### Work request
In the entries that follow, the line with "Blanket Box: A" opens the range and the line with "B4BC, boarding for breast cancer" closes it; repeat that range exactly, both lines included.

### Extracted records
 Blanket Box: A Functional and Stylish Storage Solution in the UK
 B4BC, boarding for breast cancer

* * *

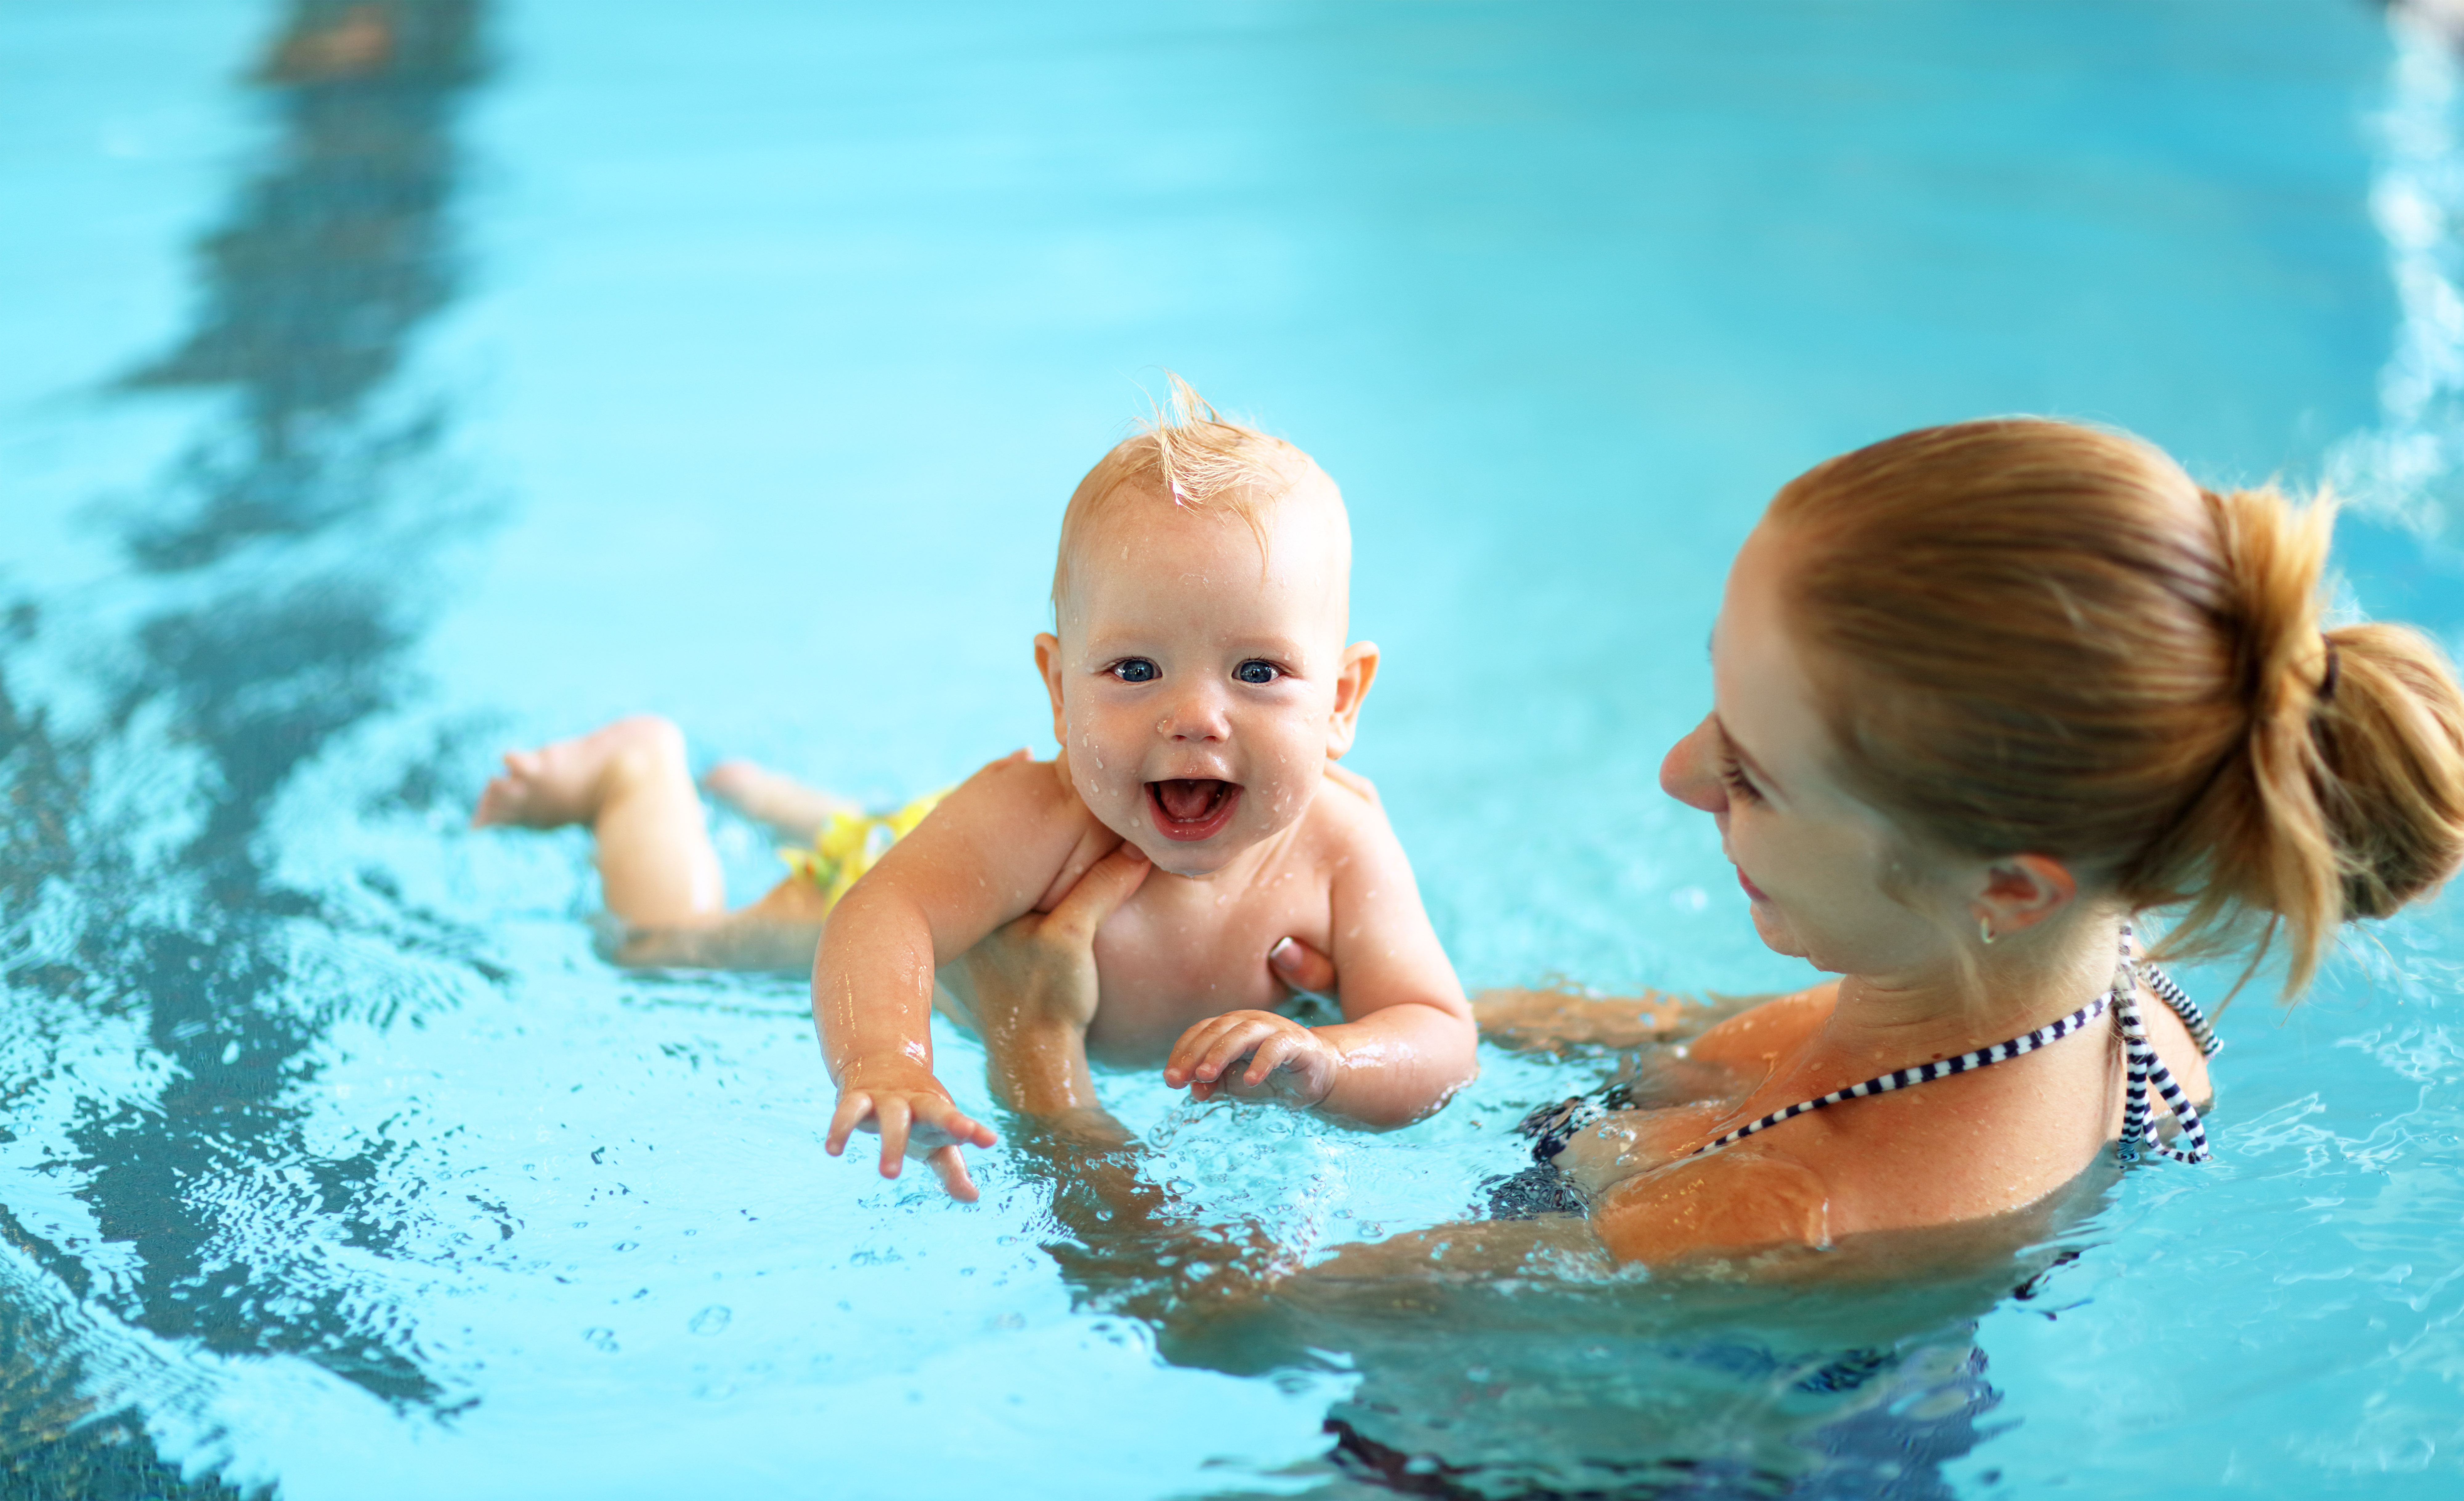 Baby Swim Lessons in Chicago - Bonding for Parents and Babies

### Solution to this task
 Blanket Box: A Functional and Stylish Storage Solution in the UK
 B4BC, boarding for breast cancer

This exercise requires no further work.